Can exec*'s argv contain a value of 0 in multiple places?


I was reading that after exec creates a new process,

argv is an array of argument strings, with argv[argc] == 0

What happens if one of the other values within the array argv happens to be 0? Will the number of arguments (argc) be incorrectly calculated when the child process runs?

I read this on page 34 of the ABI of AMD64 (https://software.intel.com/sites/default/files/article/402129/mpx-linux64-abi.pdf).


Solution

  • The execve system call (which is used by all exec* functions) has an argument of the form char *const argv[]. The kernel calculates argc by iterating over the supplied argv as follows:

    static int count(struct user_arg_ptr argv, int max)
    {
        int i = 0;
    
        if (argv.ptr.native != NULL) {
            for (;;) {
                const char __user *p = get_user_arg_ptr(argv, i);
    
                if (!p)
                    break;
    
                if (IS_ERR(p))
                    return -EFAULT;
    
                if (i >= max)
                    return -E2BIG;
                ++i;
    
                if (fatal_signal_pending(current))
                    return -ERESTARTNOHAND;
                cond_resched();
            }
        }
        return i;
    }
    

    The function get_user_arg_ptr essentially calculates an index into the argv array and returns the pointer stored at that index. The loop breaks under four conditions, two of them are pertinent to your question:

    • On the first NULL seen in the argv array. If there are other pointers following the first NULL in argv, they are ignored. Having more than one NULL smells like a bug in the program that constructed argv.
    • When the number of pointers is larger than or equal to MAX_ARG_STRINGS, which is defined as 0x7FFFFFFF. In this case, the system call fails.

    The value of i returned is assigned to argc when get_user_arg_ptr returns.
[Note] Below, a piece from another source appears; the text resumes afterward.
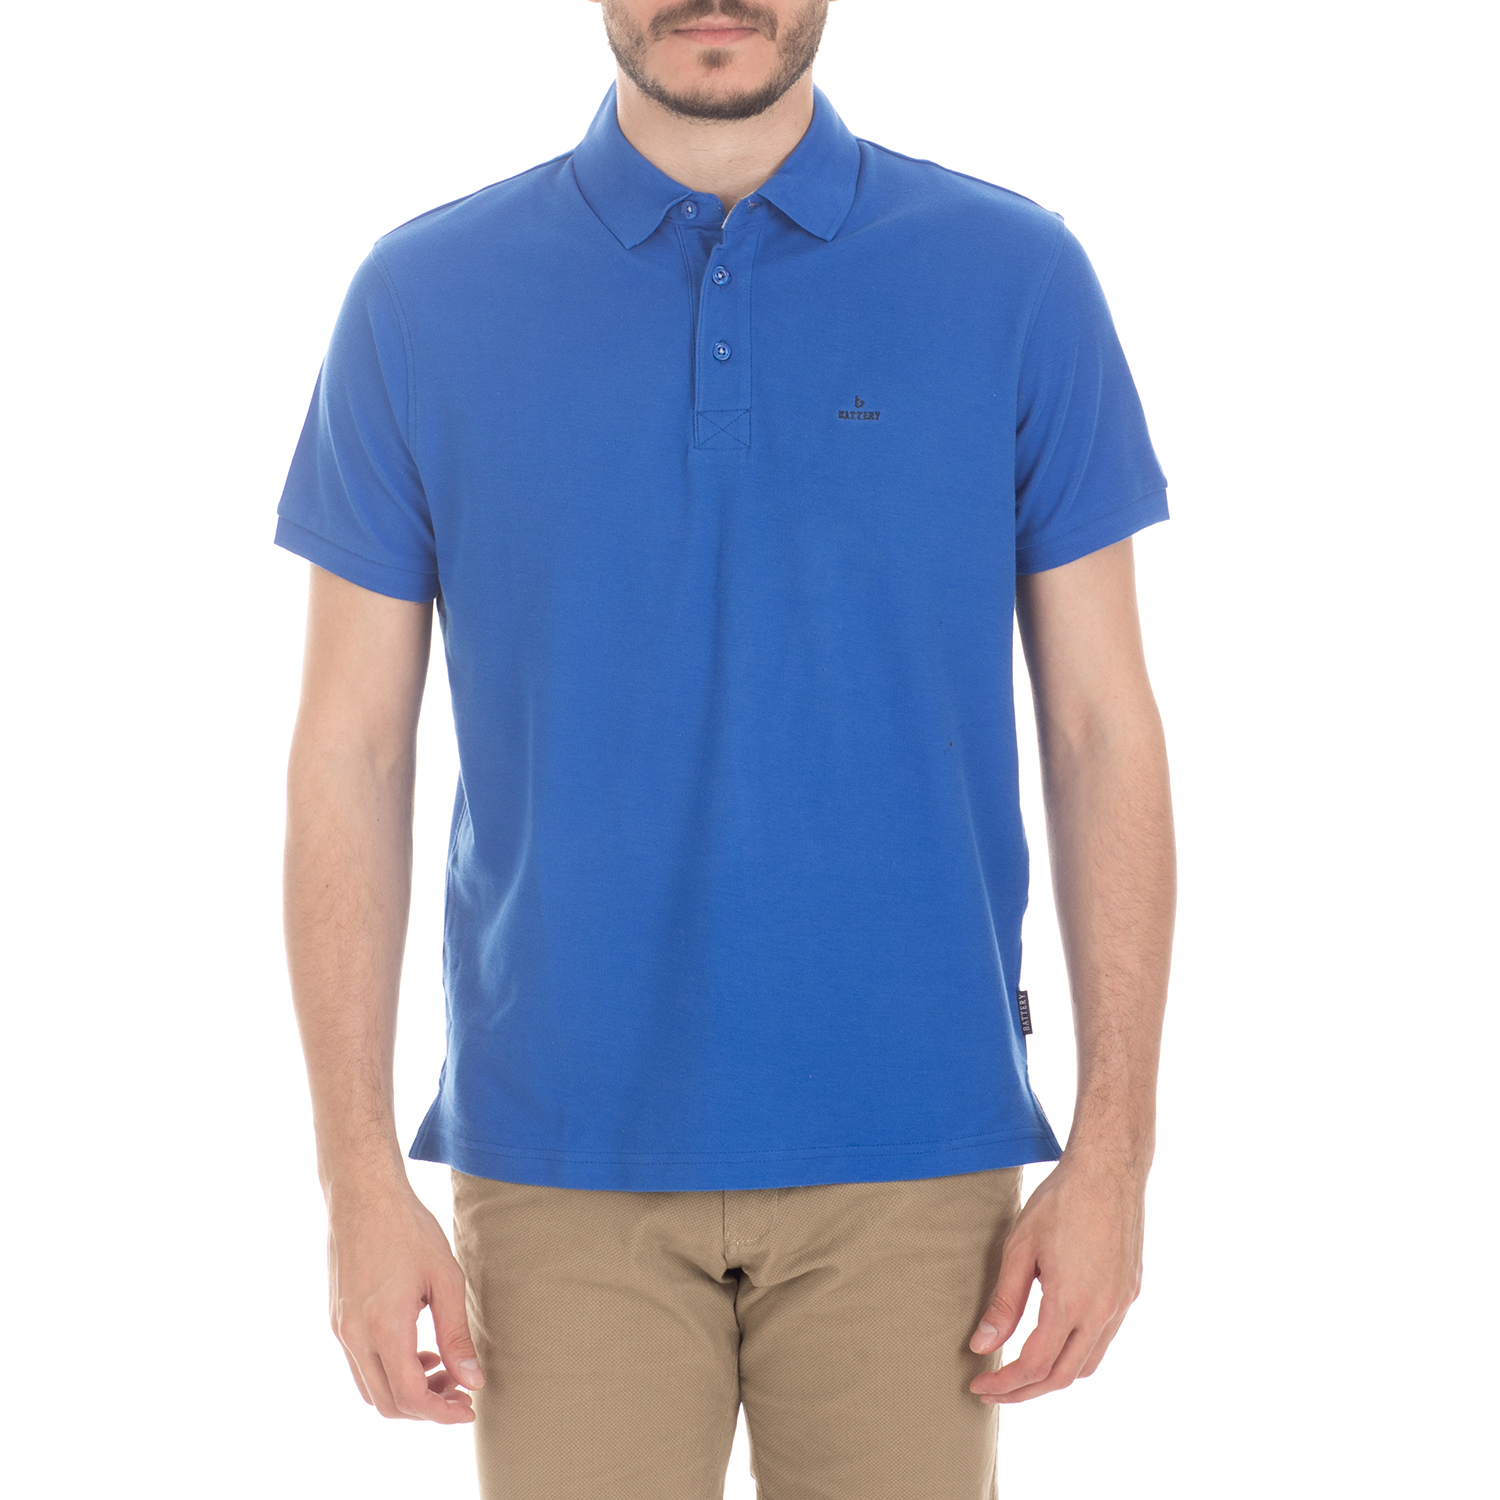 Ανδρικά/Ρούχα/Μπλούζες/Πόλο BATTERY - Ανδρική μπλούζα BATTERY μπλε
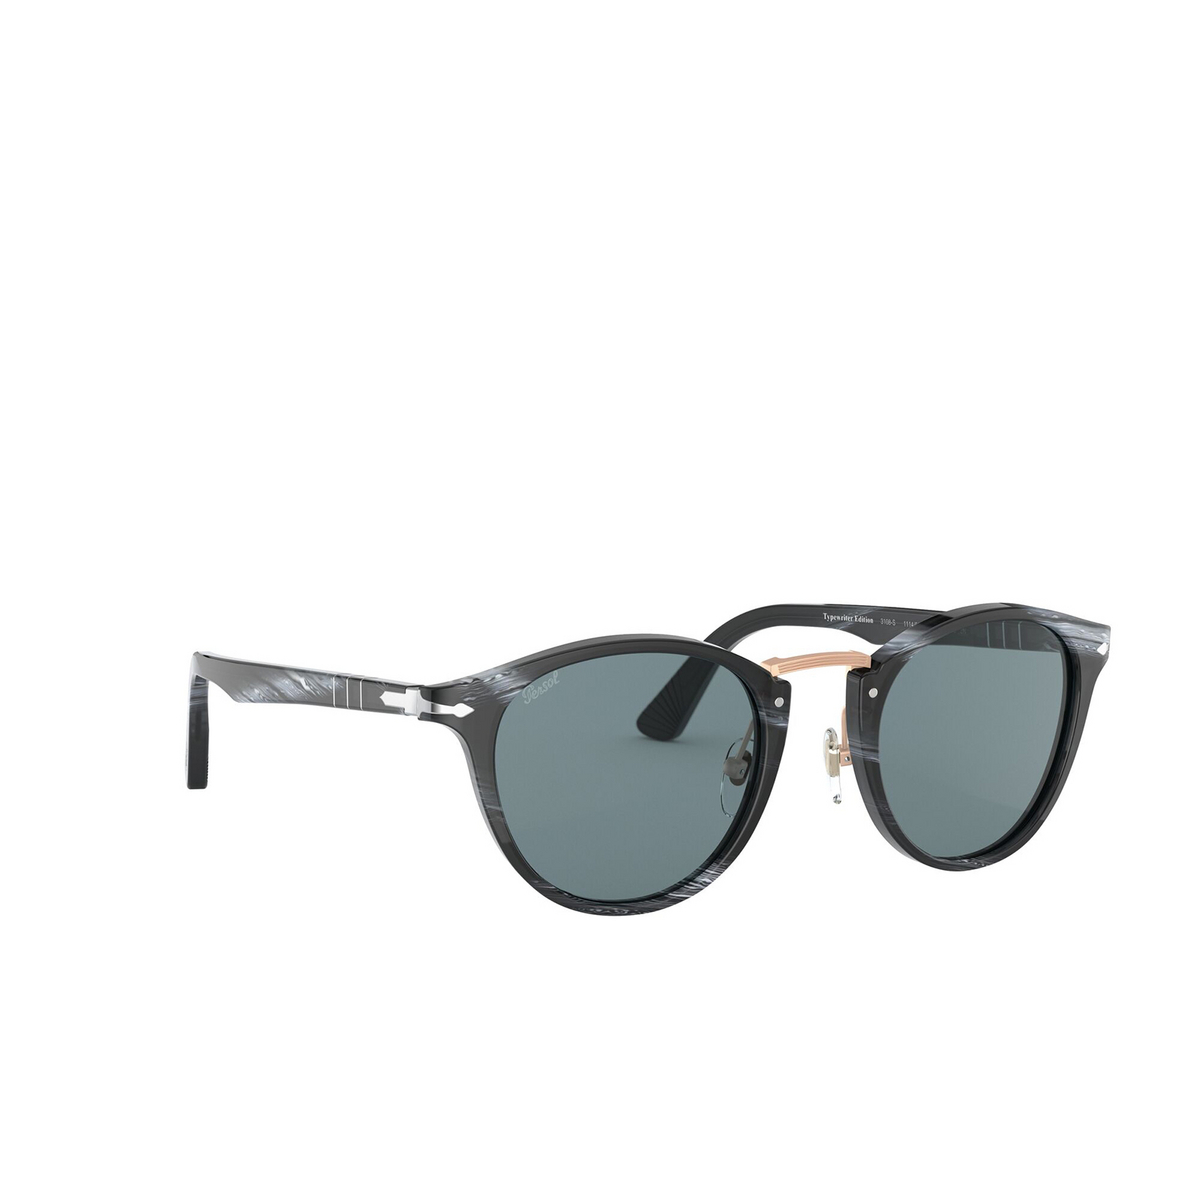 Persol® Round Sunglasses: PO3108S color Striped Black 111456 - three-quarters view.

    Another case where the terminating NULL in argv matters is when the application itself uses argv as follows:

    for(char **p = argv; *p != NULL; ++p)
    {
       // ...
    }
    

    It's part of the Linux ABI that argv terminates with NULL, so such code is legal and portable across all Linux implementations. By the way, this code is legal too on Windows. Therefore, argc is provided for convenience only.

    In addition, both the C and C++ standards state in 5.1.2.2.1 and 3.6.1, respectively, that if argc is larger than zero, then all values in argv[0] through argv[argc-1] shall be non-null pointers to null-terminated strings. Also argv[argc] must be null and that argc is non-negative. See also this answer.